「警察官がひとりしか乗っていないパトカーは、違反車両を追ったり、検挙したりしない」という噂を耳にしたことはないだろうか。じつはこれ、ちゃんとした根拠がある話なのだ。現役時代の経験談を交えて、元白バイ警官の宅島奈津子さんが解説する。
●文:ヤングマシン編集部(宅島奈津子)
ほとんど見かけなくなったひとり乗車
みなさんがふだん、目にするパトカーには必ずと言っていいほど、二人以上の警察官が乗務しているのではないでしょうか。ただし、駐在所に属している警察官は基本的にはひとり乗務であり、交番や警察署等に属するパトカーには二人以上で乗車することになっています。これは、交番と駐在所の違いに起因しています。
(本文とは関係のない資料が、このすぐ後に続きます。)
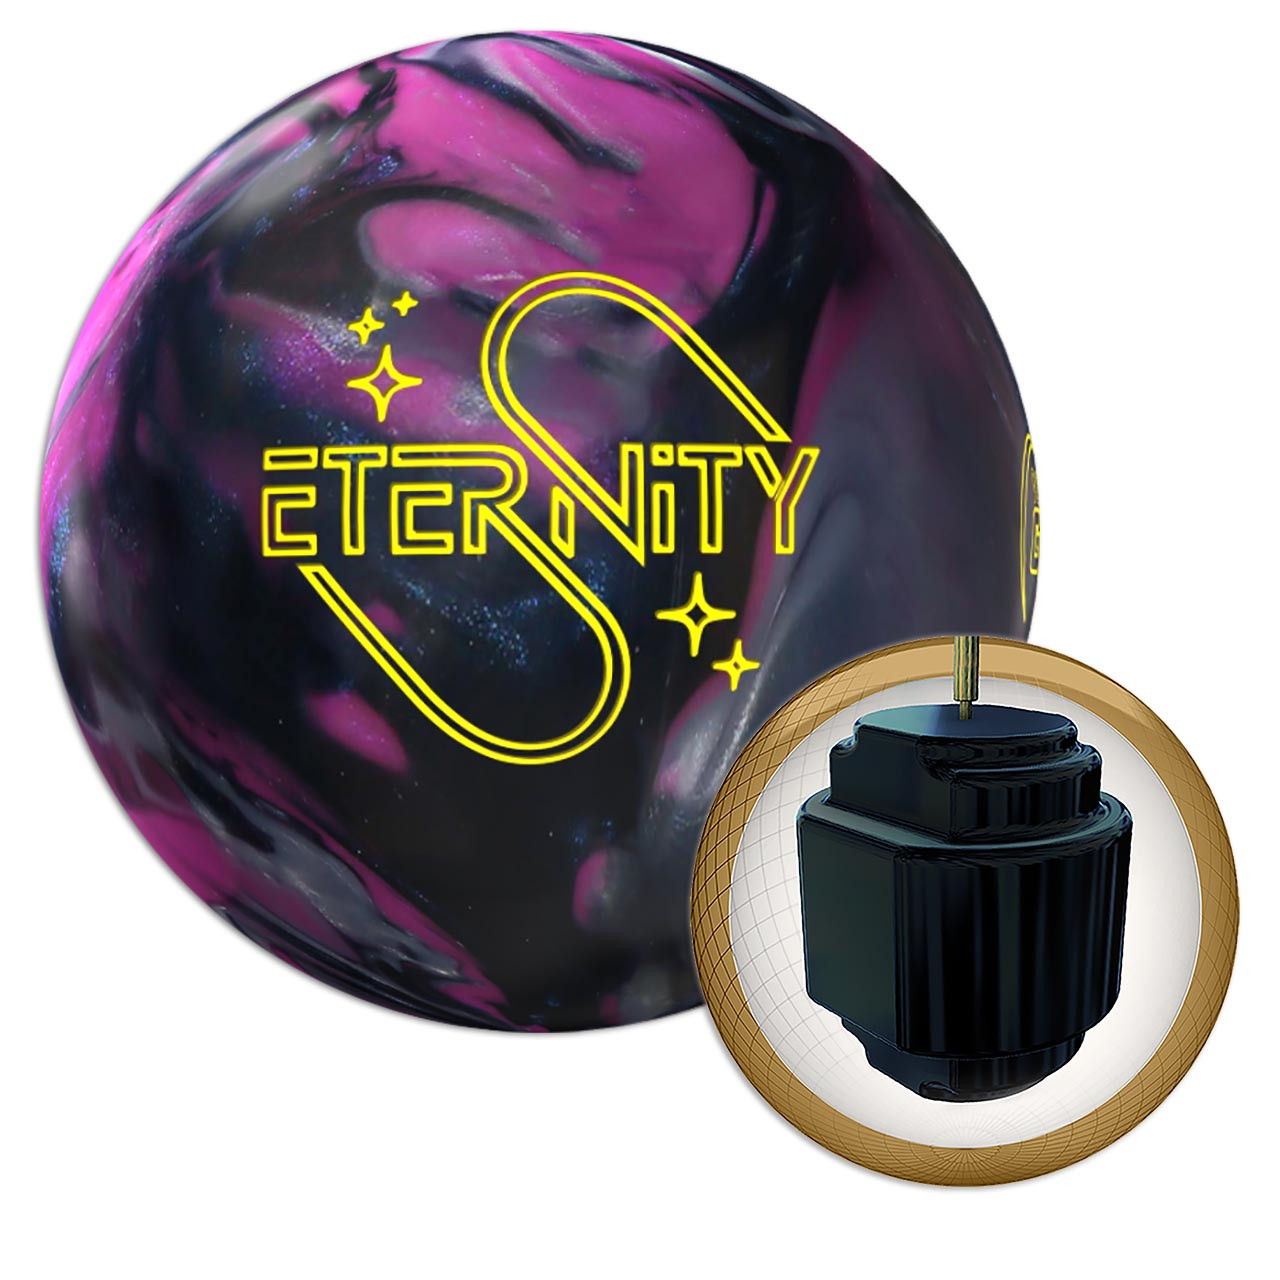 900 Global Eternity Bowling Ball FREE SHIPPING

交番はおもに都市部に所在し、地域警察官が交替制で勤務しています。駐在所には、原則としてひとりの警察官が自分の家族とともに居住し、地域住民の安全を守る活動を行っています。そのため、駐在員は単独でパトカーに乗車していることが多いのです。
二人以上で乗車は事故防止と安全性の確保のため
なぜ二名乗車なのかというと、受傷事故防止が大きな理由のひとつです。加えて、緊急走行する際、運転手とは別に、安全確認のために、拡声器の使用や無線機の通信を行う警察官が必要となります。また、違反者検挙の際には、証人としての役割を果たすことだってあります。
「パトカーに二人以上の警察官が乗っているなんて、人件費の無駄遣いではないのか」、といった市民の声も実際にはあがっていますが、こうした事情を配慮していただければと思います。
ひとり乗車の場合でも検挙することはある
「パトカーに警察官がひとりしか乗っていないのなら、検挙されることはない」という噂も、前述した証拠能力に関する事実が元でしょう。ですが、噂を真に受けてしまうのはちょっと危険。実際には、警察官がひとりであっても検挙することはあります。なかには映像を残している警察官だっていますから。
そもそも現行犯や準現行犯の場合は明らかな現認があるので、いわゆる物的証拠は必要ないのですが、問題になってくるのは、交通違反者に否認された場合。裁判を行うことになります。
その際に、現認した警察官が複数であれば信憑性が高くなるわけですが、ひとりだけの場合、見間違いや勘違い等についても審議されることになるので、基本的には複数の警察官で取締りをはじめ、あらゆる警察活動を行うようにと言われているというのも実態です。
規定に違反しても手配車両を追いかけた私の体験談
あまり大きい声では言えないのですが、私が現役時代、やってしまったことをお話しようと思います。それは、交番勤務をしていたときのこと。基本的に二人以上で勤務するので、その当時の私は先輩と組んでいました。
24時間体制なため、日中に仮眠をすることもあります。午後3時頃だったと思うのですが、110番通報が無線で流れてきました。手配車両をNシステムが検知したという、急を要する内容だったため、寝ている先輩を起こしている余裕なんてない、と思い交番をひとりで飛び出しました。
立ち上がりが早かったため、該当車両を現認することができました。ひとりなので、追跡しつつ、無線で応援パトカーを要請。かけつけたところで、車両を停止させました。 私は、車両を発見できたことが嬉しかったし、誇らしかったのですが、当然のごとく怒られました。
言われたことは理解できたけど、まだ若かった私は、「私のおかげで車両発見できたんやろ」って気持ちが強かったのを、いまでもよく覚えています。20年以上前のことなので、記憶もおぼろげですが、二度とやらないという約束をして、許してもらったような。他にも生意気でやんちゃな行いが多々ありましたが、ここでは伏せておきます(笑)。
現在はひとり乗りがほとんど許されていない
上記の通り、パトカー乗務は基本的に複数で行われます。例外として、駐在所に勤務する警官の話をしましたが、それに加えて、交番勤務の際に、警察署に忘れ物をとりに行ったり、取り扱った事案で急を要するような場合の書類の提出や、応援派遣で他の交番に行くときなども、ひとりでパトカーに乗ることはありました。
しかし2025年現在は、「ひとりで乗ることを認めない」といった風潮が以前よりも警察全体で強くなっているようです。海外ではとくに、ひとりの警官を狙った犯罪行為が見受けられますから。警察官とはいえ、自らの安全性を確保すべきだという傾向にあるのでしょう。
平和な世界を望みたいところですが、自分の身は自分で守らなければならない世の中です。警察官に限らず、みなさんも夜間はとくに、単独行動を避けてくださいね。